I named my visual ability Optic skill. It had sharpened to the point where I could see with genuine clarity up to fifteen metres. Beyond that, the world started to blur.
I named my taste ability Geusia skill. It had become precise enough to differentiate chemical compounds on contact with my tongue. If someone tried to poison my food, I was confident I would catch the anomaly before swallowing. I had quietly tested it on several things I had no business putting in my mouth.
My ability corresponding to my sense of touch was perhaps the strangest and most mentally demanding of the set. By increasing my skin's sensitivity to feel the subtle shifts in air pressure, I could feel the displacement of space when someone entered a room or moved quickly behind me. It gave me something close to a full sphere of spatial awareness. I named this ability Haptic skill.
My hearing ability, which I named Audial skill, had shown the most dramatic improvement since the upgrade. I could now effectively mute the ambient noise of a crowded room and isolate a specific voice or conversation from up to twenty metres away and further depending on the quality and distance of the voice or sound. It had proven its usefulness before.
Finally, I named my ability to smell the Olfact skill. Over the weeks of preparation, I had quietly built a scent profile for every individual in our one-hundred-and-seventy-person caravan. Each person carried a layered signature — their own base scent combined with whatever they had touched, eaten, or encountered that day. Given enough time, I believed I could track any one of them blindfolded through an unfamiliar forest.
Six abilities. One body that was barely a year old. I thought that was a reasonable start.
---
Two days before the end of the Month of Ace, the King's official order for the Forest of Sanni arrived. We waited in the courtyard alongside thirty veteran units, all clad in their new armour and clutching fresh spears.
The King's Envoy arrived in a royal carriage, escorted by a hundred soldiers on horseback. They carried the banners of the Royal House: a Pentacle with a golden central pentagon, featuring a dark eagle with spread wings soaring toward the sky. The royal soldiers were equipped with gear far superior to our own.
A man stepped from the carriage and introduced himself as Fabio Ans. He produced a scroll and read the decree aloud:
ROYAL DECREE: THE MANDATE OF THE SOUTHWEST
By the Will of His Majesty, King Vitoris II, Sovereign of Enameia
and Protector of the People, do hereby proclaim this Royal Decree:
To: Baron Sama Hatar, 'Iron Grunt's Witness'
I. ELEVATION: For your courage in the Shattered Mountain Range (North) and for earning the deep respect of your fellow soldiers, the Crown grants House Hatar Blood Nobility in Perpetuity.
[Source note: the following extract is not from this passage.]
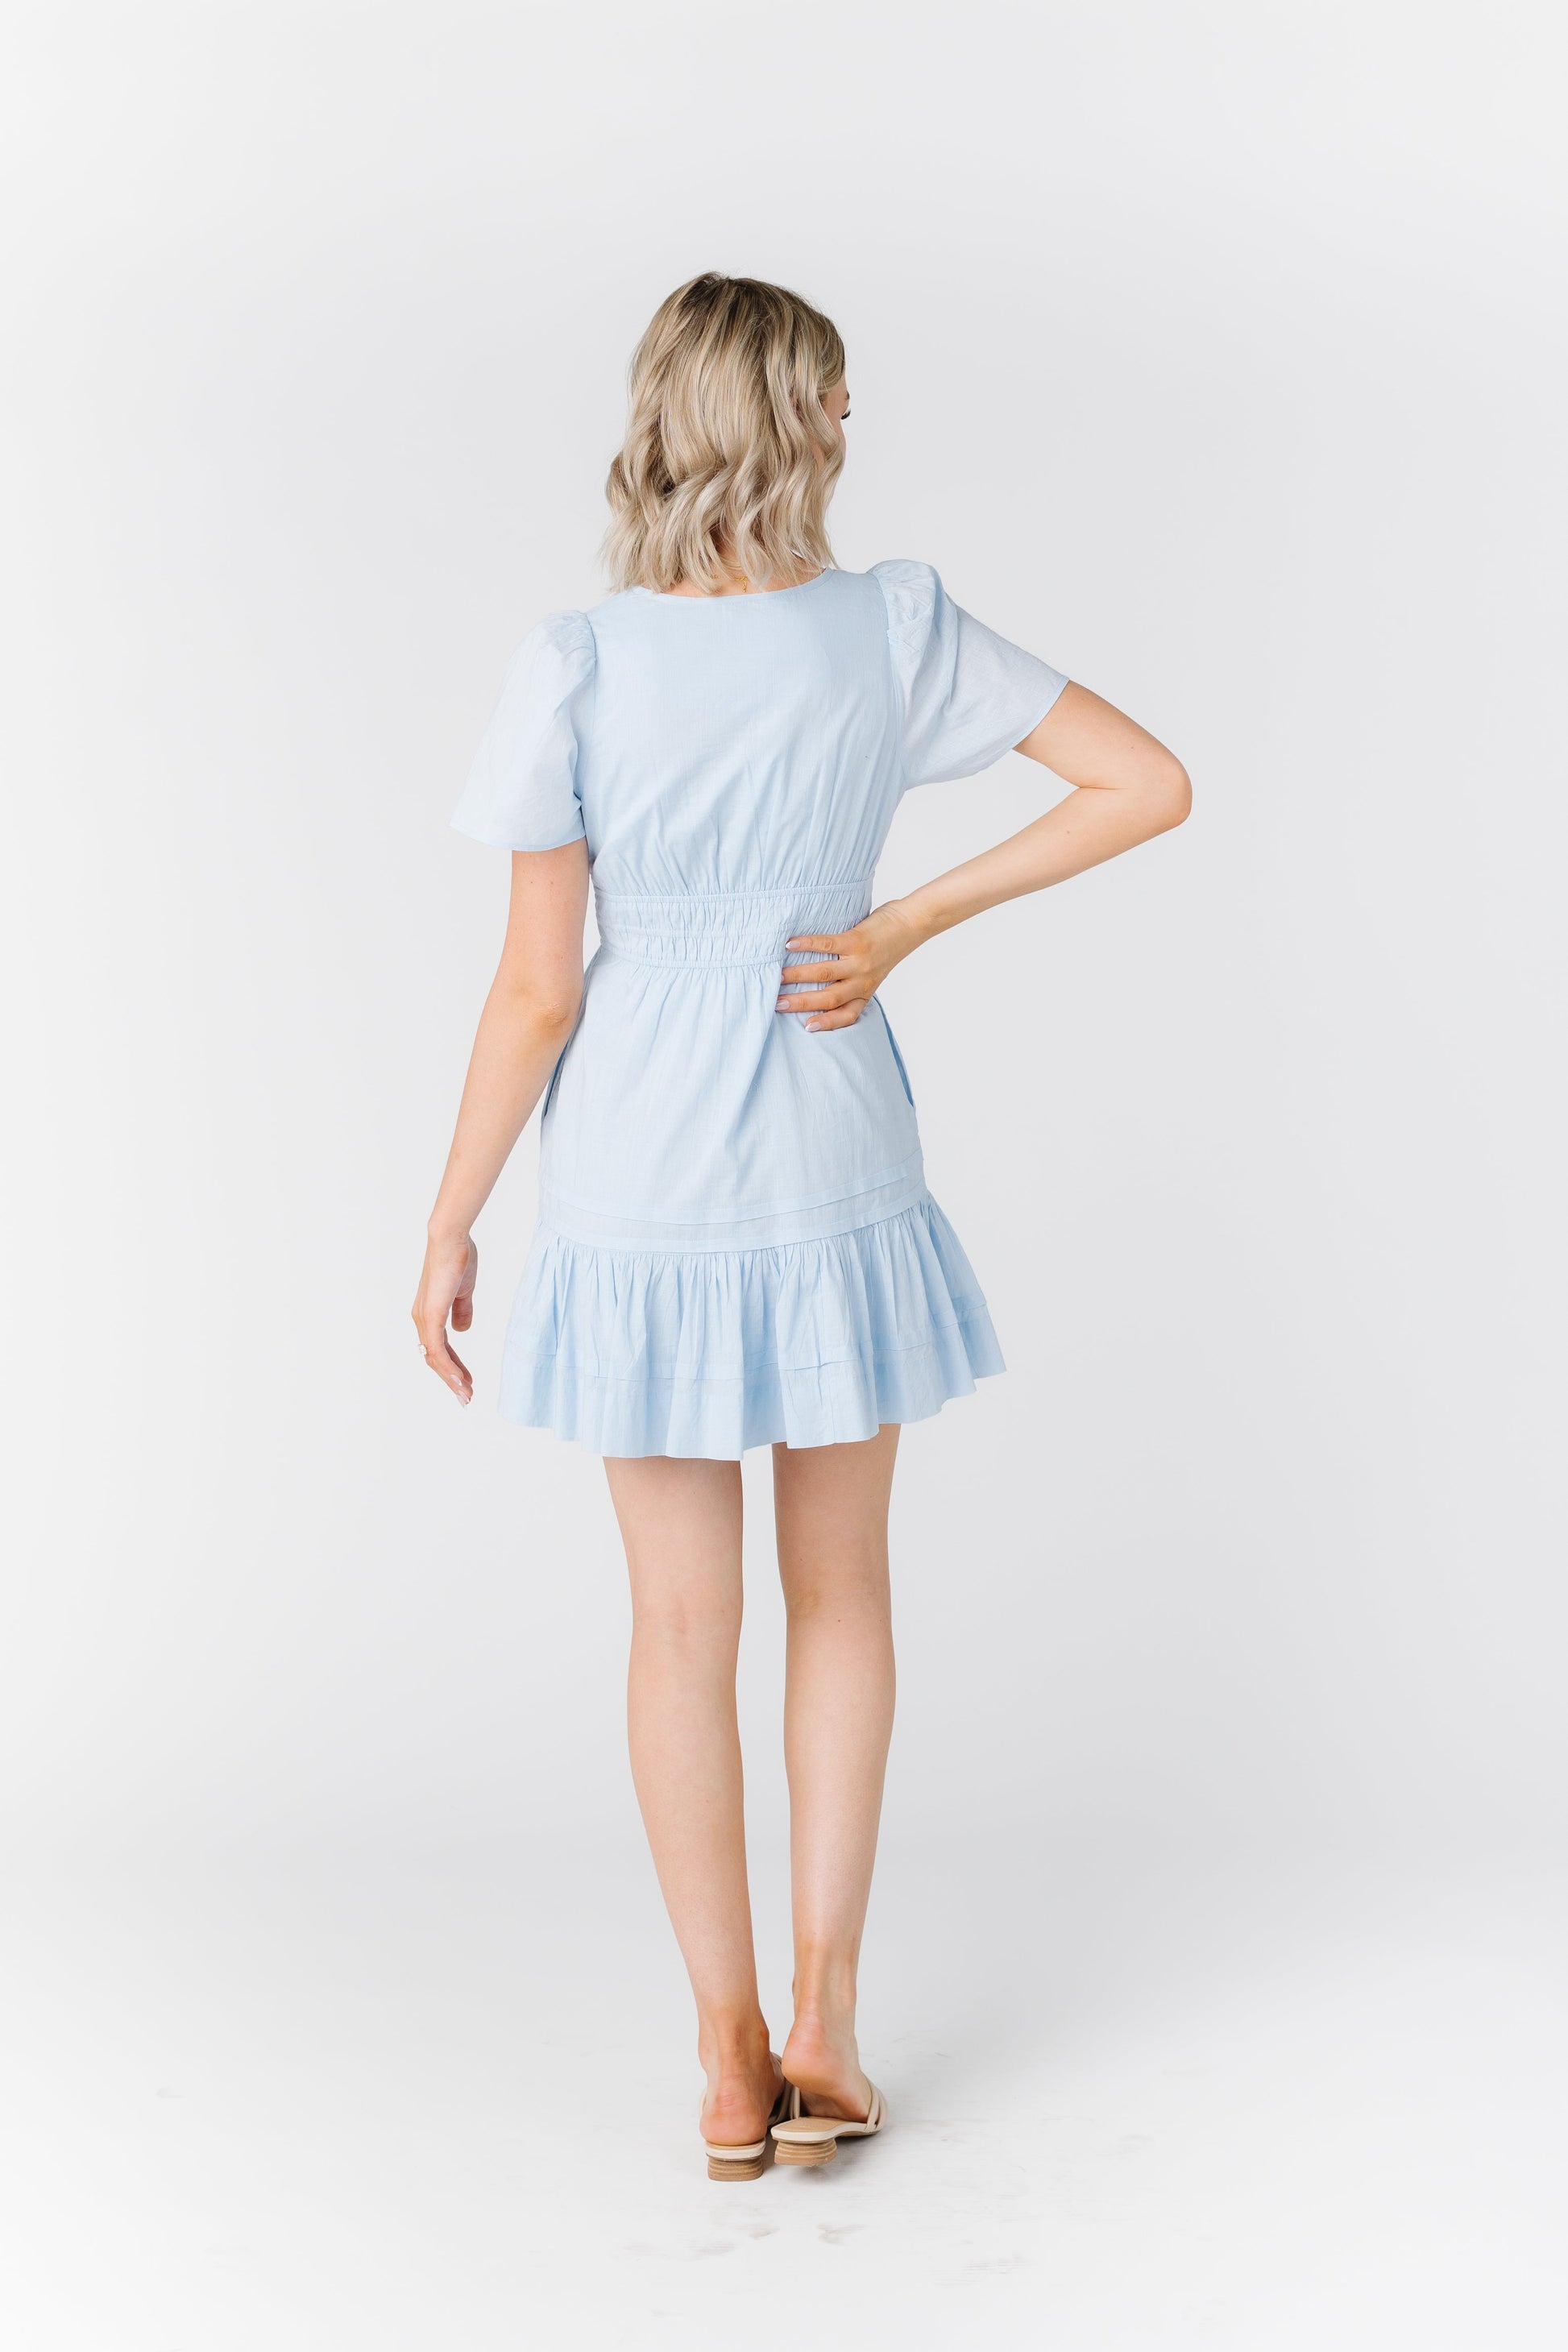 Citrus Shae Dress Mini Dress WOMEN'S DRESS Citrus

II. THE OATH: You have chosen the path of the bold. You are hereby bound to the Forty-Year Mana Oath.
III. DUTY: Effective 1st of Nas, you are deployed to the Southwestern Forest of Sanni.
The Mandate: According to the law, carve a fiefdom from the wilds. You are a Star of Enameia and bearer of the light into the darkness of the wilds.
The Clause: Due to instability in the other regions, no Royal reinforcements or supplies will be sent to the Southwest for five years. Only monetary assistance can be provided as stated in the law. You are self-reliant.
IV. THE HEIR: Zaemon Hatar remains "Unbound." On his 35th birthday, he may claim 30% of the conquered land in any province of his choosing.
V. FINAL WORD: The North remembers your blade and blood. Now, the Southwest requires your blood and service.
[SEALED: THE GOLDEN PENTAGON, PENTACLE ]
After the reading, a soldier presented an exotic longsword that pulsed with visible power—a Royal artifact with a Pentacle-shaped pommel. Fabio Ans performed the knightly investiture ceremony.
As the envoy finished, the hundred royal soldiers saluted and shouted in unison: "Glory to the Pentacle! Glory to Enameia!" The Envoy wished us luck and departed. My father turned to us, his face a mask of iron resolve.
"We leave on the first day of Nas," he commanded. "Go. Prepare for departure."